The flag: `creating different substitutions for each char`

## Level 4

Once again, I sent `00`

first. Different from before, I got a hex string of twice the original length. Sending `0000`

gave me a hex string of length 8, so it seems that the encryption does something to double the length of the original message.

Then, I sent `01`

and `02`

again, with similar results. It seemed like it was a similar system to level 3, since the 2-byte blocks from `0000`

were different from each other. So I thought that it was just an mapping from single bytes to 2-byte blocks instead of byte to byte like before.

However, sending `00`

again revealed something troublesome; it gave me a result different from before, meaning that this encryption was non-deterministic. Even so, we are supposed to be able to decrypt the encrypted flag. Combining these two facts, I realized that the encrypted flag must be one of many possible encryptions of the original flag, using the same encryption system.

Based on this, the general approach would to be find which message the encrypted flag could be a possible encryption of. In order for this to be feasibly bruteable, I figured the encryption probably didn’t map entire messages to encrypted messages, but rather encrypted byte-by-byte like previous stages.

Additionally, after more various testing and thinking, I realized that it was likely that the system was not like in level 3 where the encryption was different per byte position, and instead a single mapping table was being used for all byte positions like in level 2. The main reasons I considered this where 1) with `256*256`

possible 2-bytes, I would have to send up to `256*256*(# of 2-bytes in the encrypted flag)`

requests, which would take a long time considering it’s a remote connection (likely not feasible, especially with 3 levels remaining after) and 2) When encrypting longer messages like `00000000000000000000`

, I noticed that occasionally the `00`

bytes in different positions encrypted to the same 2-byte blocks.

With this in mind, I figured the encryption scheme was likely: Encrypt each byte to 1 of `x`

2-bytes, for each byte in the message. This scheme also requires for no two bytes to encrypt to any same 2-bytes(for example, `00`

and `01`

cannot both encrypt to `0e5f`

), or else we would not be able to uniquely decrypt some messages. To test this, I sent long strings of `00`

s and `01`

s, and checked if they shared any 2-byte blocks. They didn’t, confirming that my idea was likely correct.

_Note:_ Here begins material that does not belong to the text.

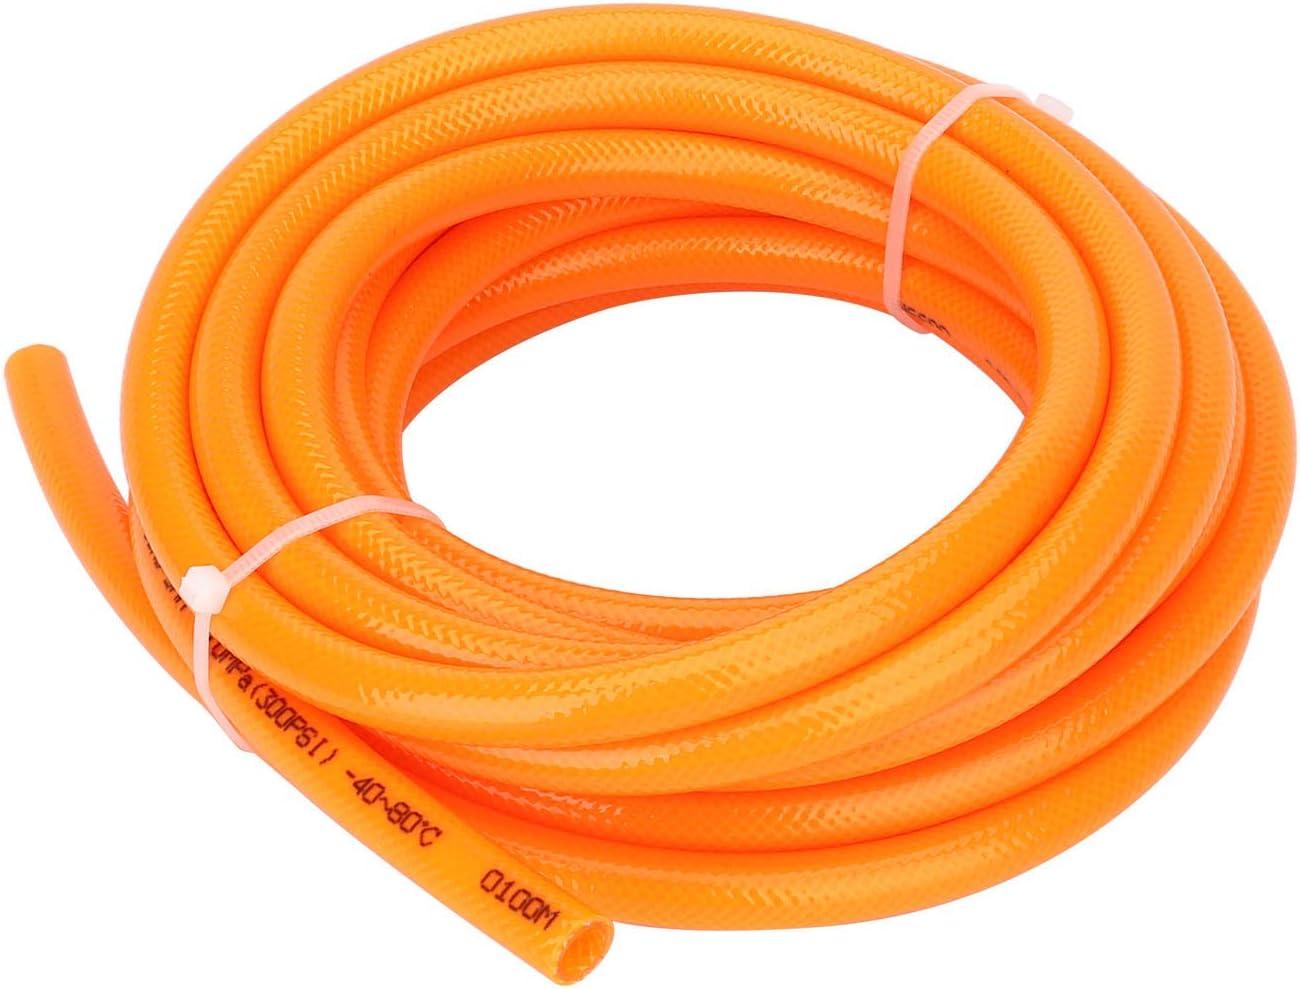 Dia 5mm//8mm Resist High-Temperature Abrasion Extra Pressure Length 10m Surprecision PU Plastic Air Hose Tube 32.8ft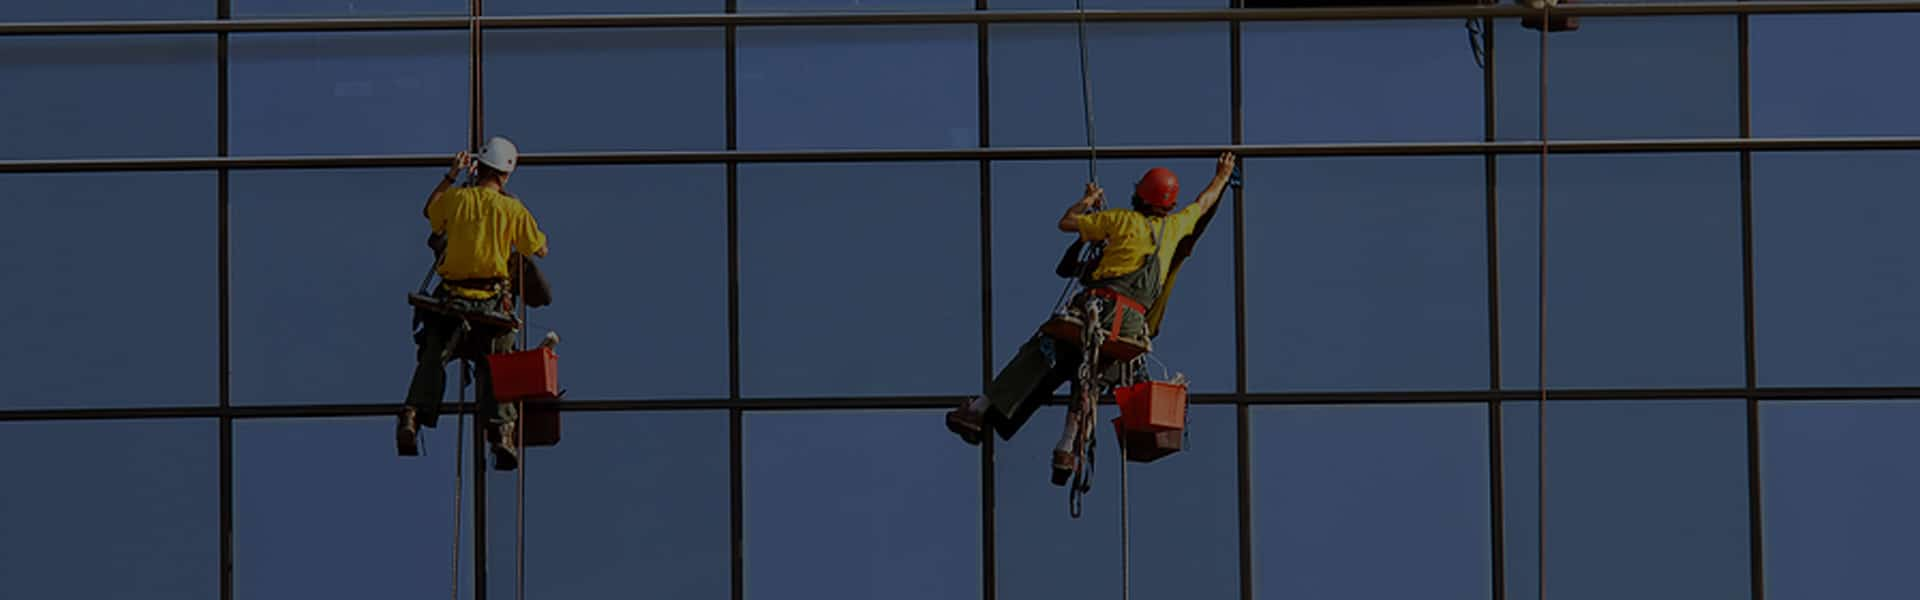 Maintenance-Management-System

Then, the approach would be pretty much the same as level 2: Build a table finding out which 2-byte blocks each byte encrypts to. The main problem with this is doing it the same way as in level 2 naively would be rather infeasible. For one, we don’t know how many 2-byte blocks each byte individually maps to; it could be the same for all, or it could be different for all, so sending only one byte at a time doesn’t seem like a good idea, since we wouldn’t know when to move on to the next byte.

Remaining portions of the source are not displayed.